Normalisation (sound_norm)

@erogol I see in the recent PR you’ve added several new features from dev, including “sound_norm” in the AudioProcessor.

From what I can see this normalises the output audio when it’s loaded, but it isn’t (yet) set in config. This simply normalises the volume level right, whereas the spectrogram normalisation ensures the spectrogram is a consistent size, right?

Is sound_norm ready for people to have a go experimenting with different values for it? Happy to give it a shot but my GPU resources are limited so thought I’d ask first :slightly_smiling_face:

Do you mean input? I’ve been trying to normalize input audio volume to have a better training phase. Also, is normalising the spectrogram better than normalising the audio? I didn’t quite get that bit you stated about that.

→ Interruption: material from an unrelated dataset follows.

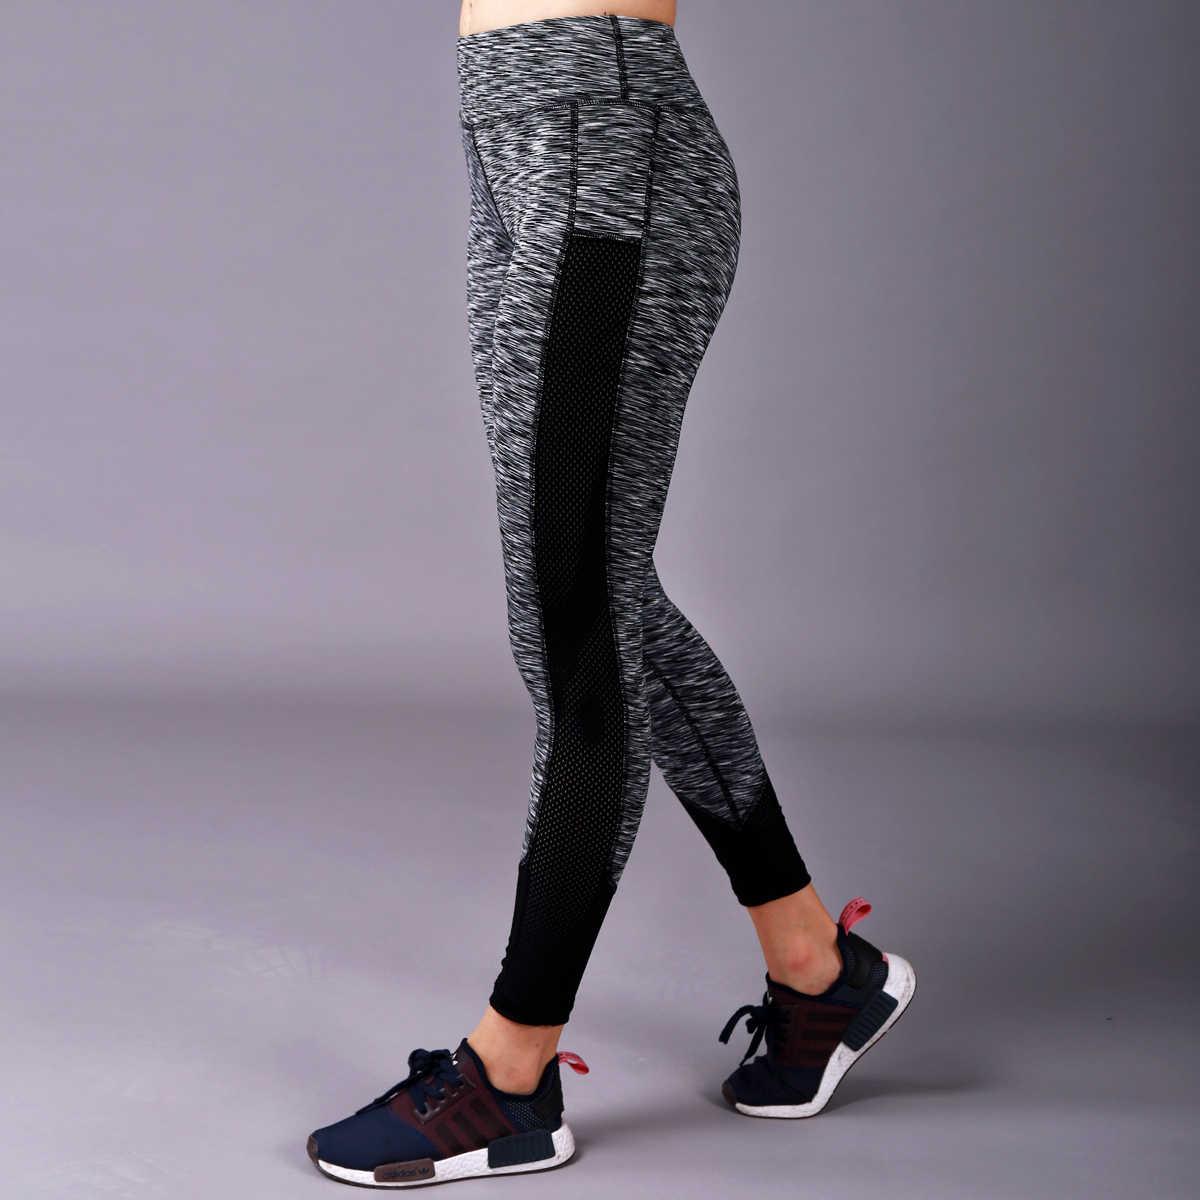 BARBOK נשים של יוגה חותלות Ultralight ריצה ספורט לנשימה ספורט ללבוש כושר חדר כושר אימון אימון ריצה מכנסיים

Sorry, yes the input audio.

I’m probably not the best person to explain the spectrogram normalisation, but it was the code for functions like this that ends with a normalisation step (that appears to be on the spectrogram but I could be reading that wrongly!)

1 Like

Ah interesting! I’ll invest some time on it tomorrow. Also interested in knowing if the volume normalization is ready to be used.

Yes sound norm is ready to use, I just forgot to put it to config.json. Adn all your assumptions are correct.

‘sound_norm’ is useful especially for multi-speaker training.

PS. we need to implement a better config scheme. ‘config.json’ is getting cumbersome to use.

1 Like